有关这些说明的Wikipedia部分说:

有哪些示例说明这些指令在向量化循环中很有用?如果答案包含标量循环及其向量化的对应物,将会很有帮助.

What are some examples that show these instruction being useful in vectorizing loops? It would be helpful if answers will include scalar loops and their vectorized counterparts.

谢谢!

推荐答案

直方图是CD指令可能有用的一个示例.对于标量代码直方图,仅是一个简单的循环,如下所示:

One example where the CD instructions might be useful is histogramming.
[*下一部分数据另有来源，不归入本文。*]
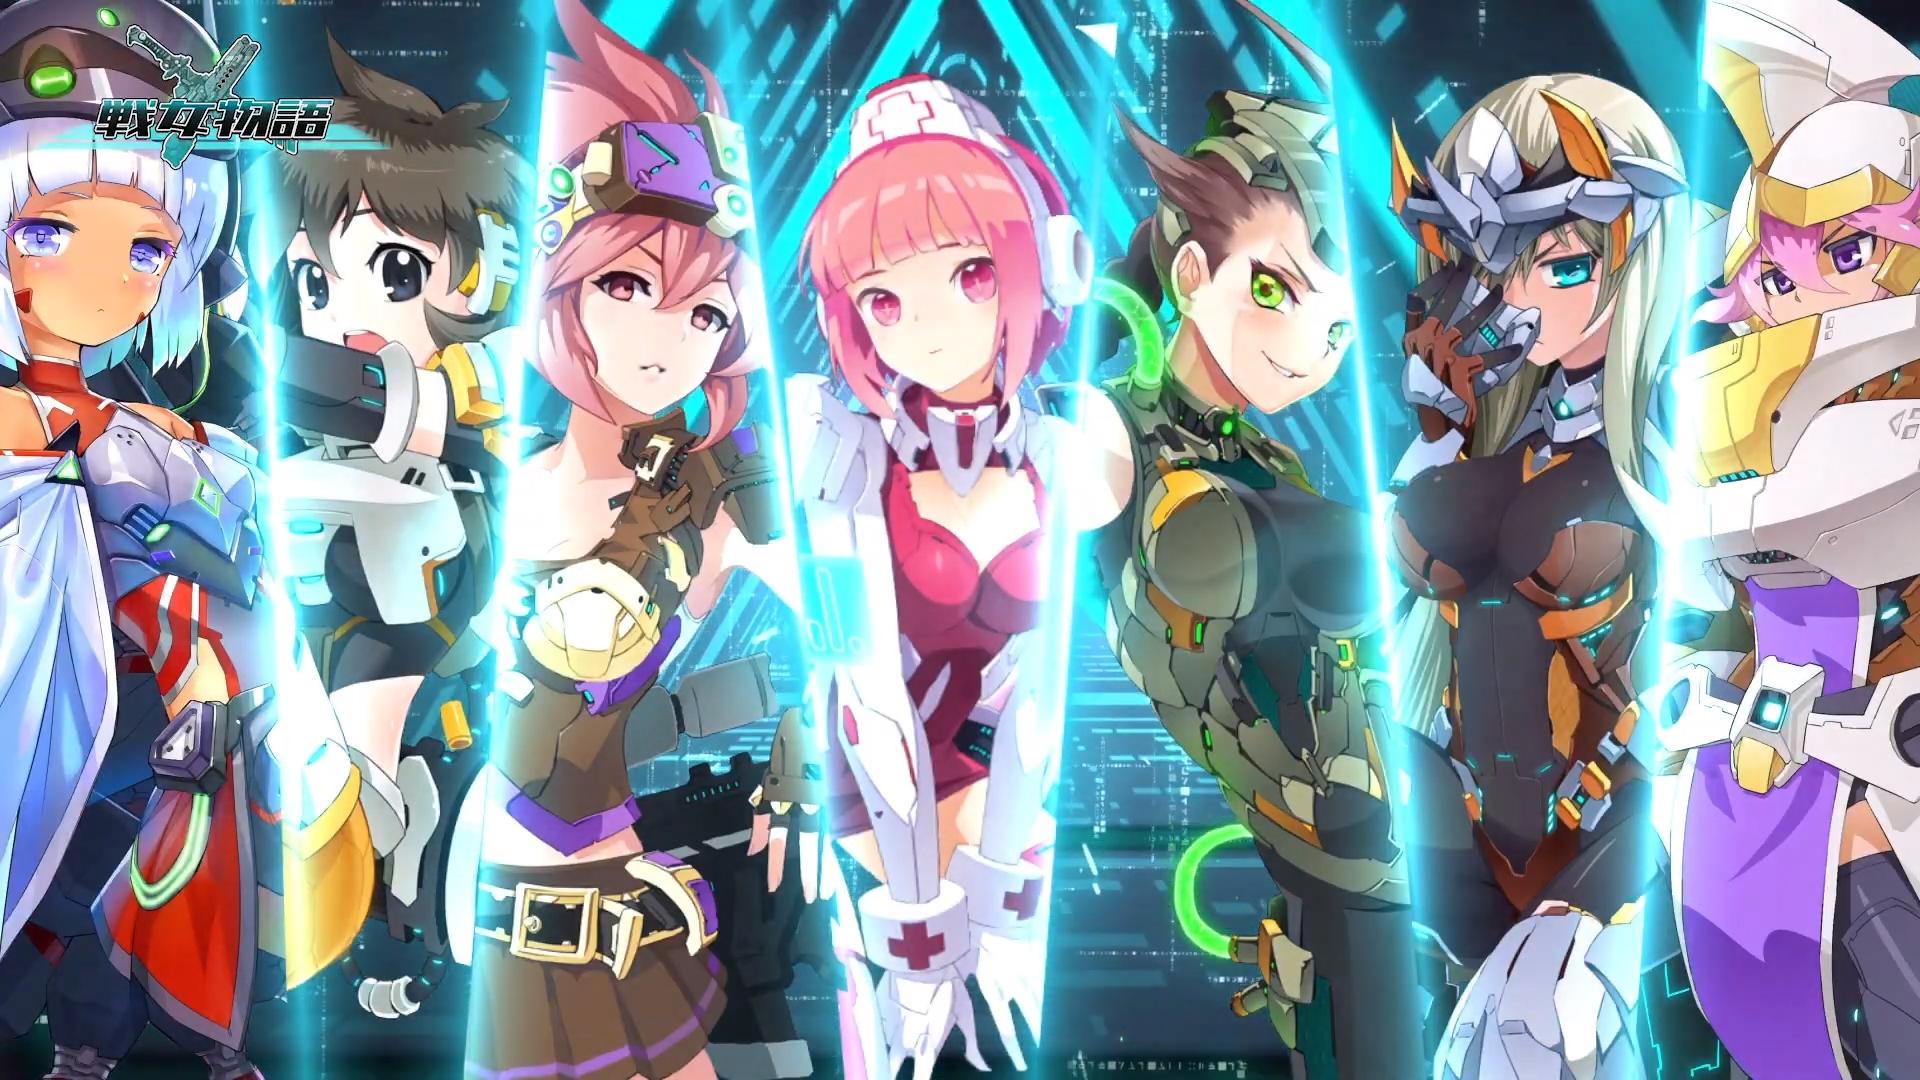 Valkyrie Heroes Saga 2222020 2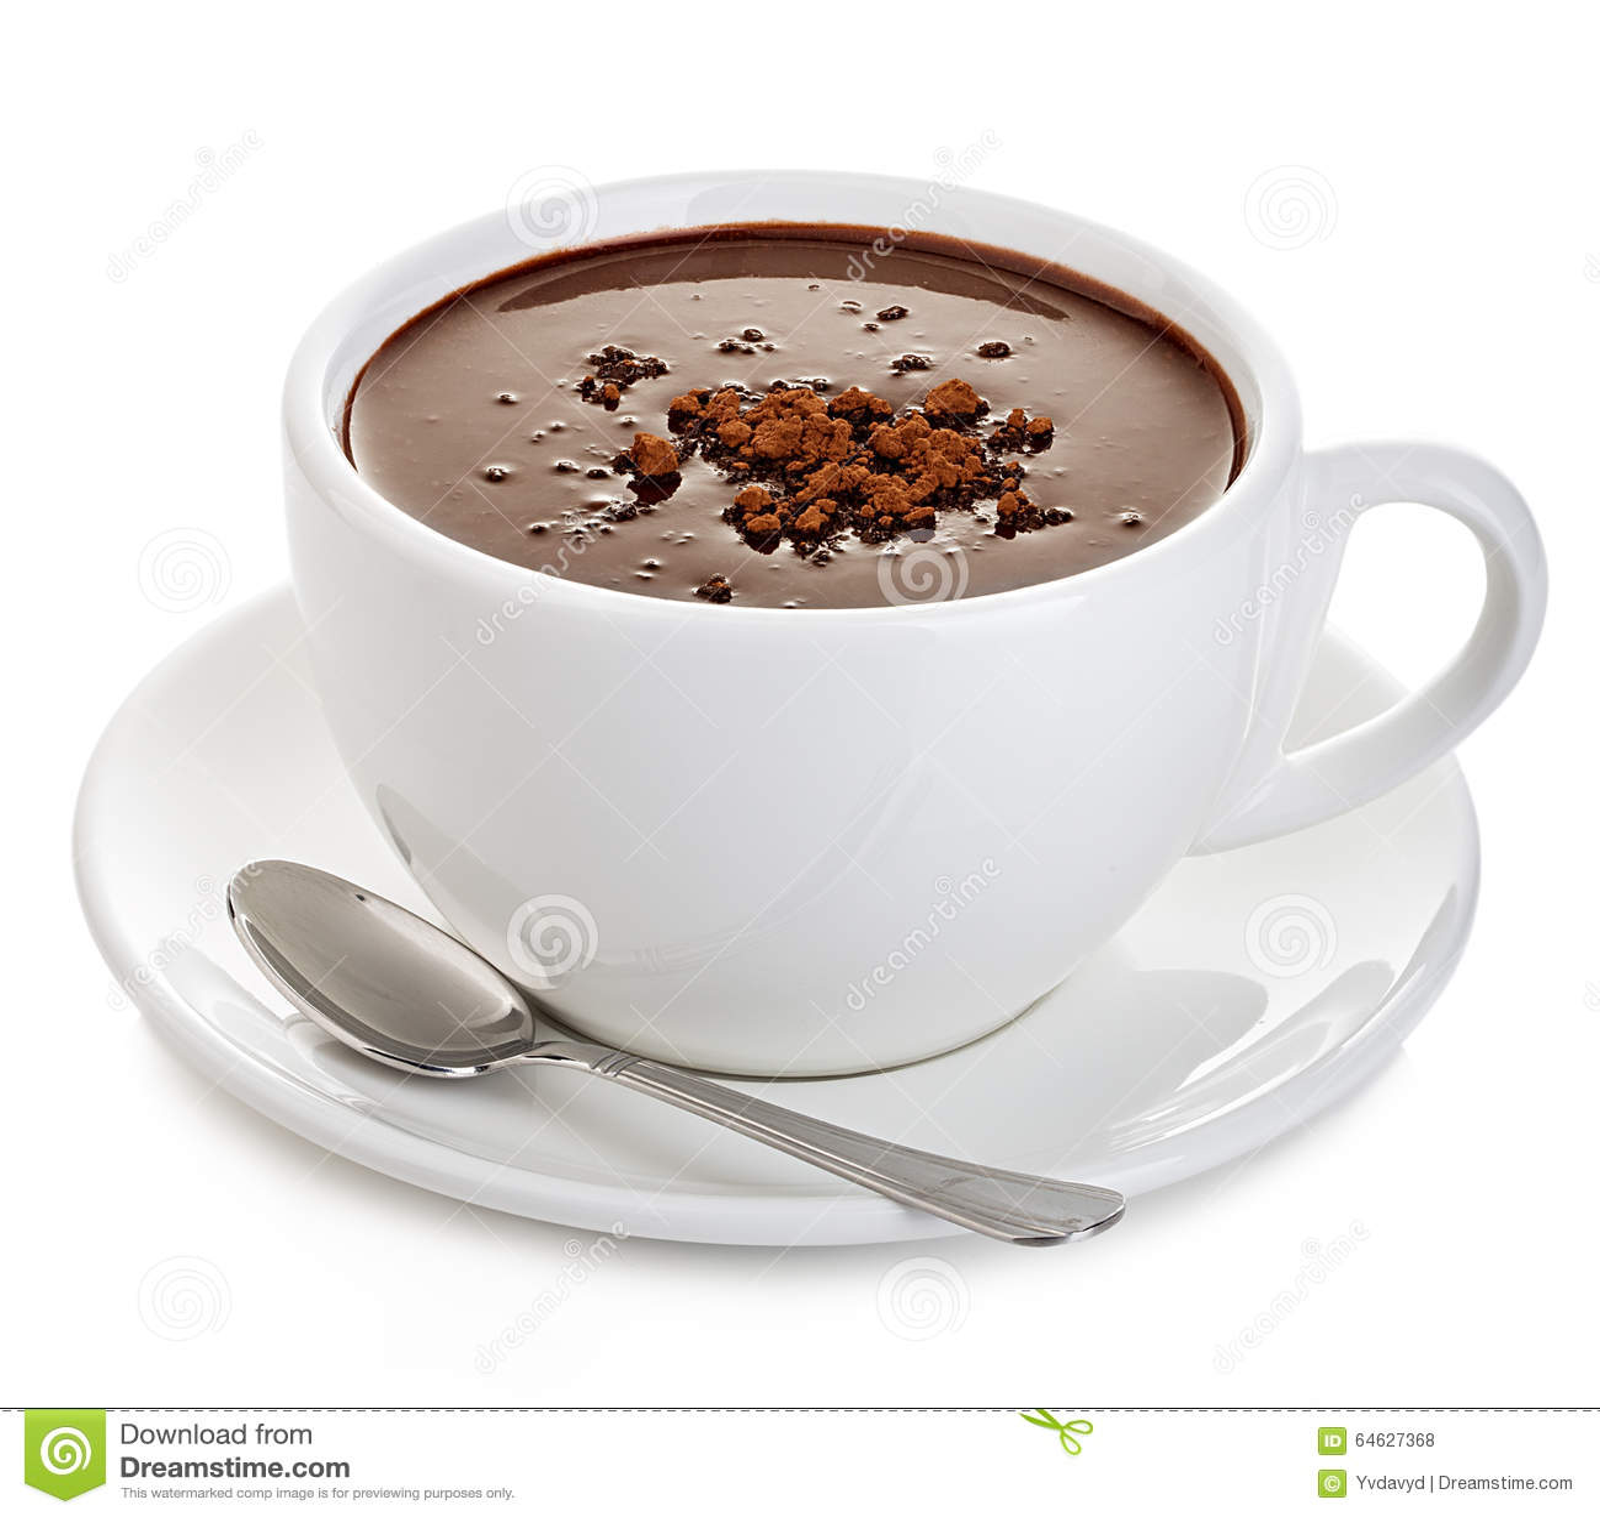 hot coffee white background - photo #9

For scalar code histogramming is just a simple loop like this:

load bin index
load bin count at index
increment bin count
store updated bin count at index

通常,您无法对直方图进行矢量化处理,因为您可能在一个矢量中不止一次拥有相同的bin索引-您可能会天真地尝试执行以下操作:

Normally you can't vectorize histogramming because you might have the same bin index more than once in a vector - you might naïvely try something like this:

load vector of N bin indices
perform gathered load using N bin indices to get N bin counts
increment N bin counts
store N updated bin counts using scattered store

但是,如果向量中的任何索引相同,则会出现冲突,并且由此导致的bin更新将是错误的.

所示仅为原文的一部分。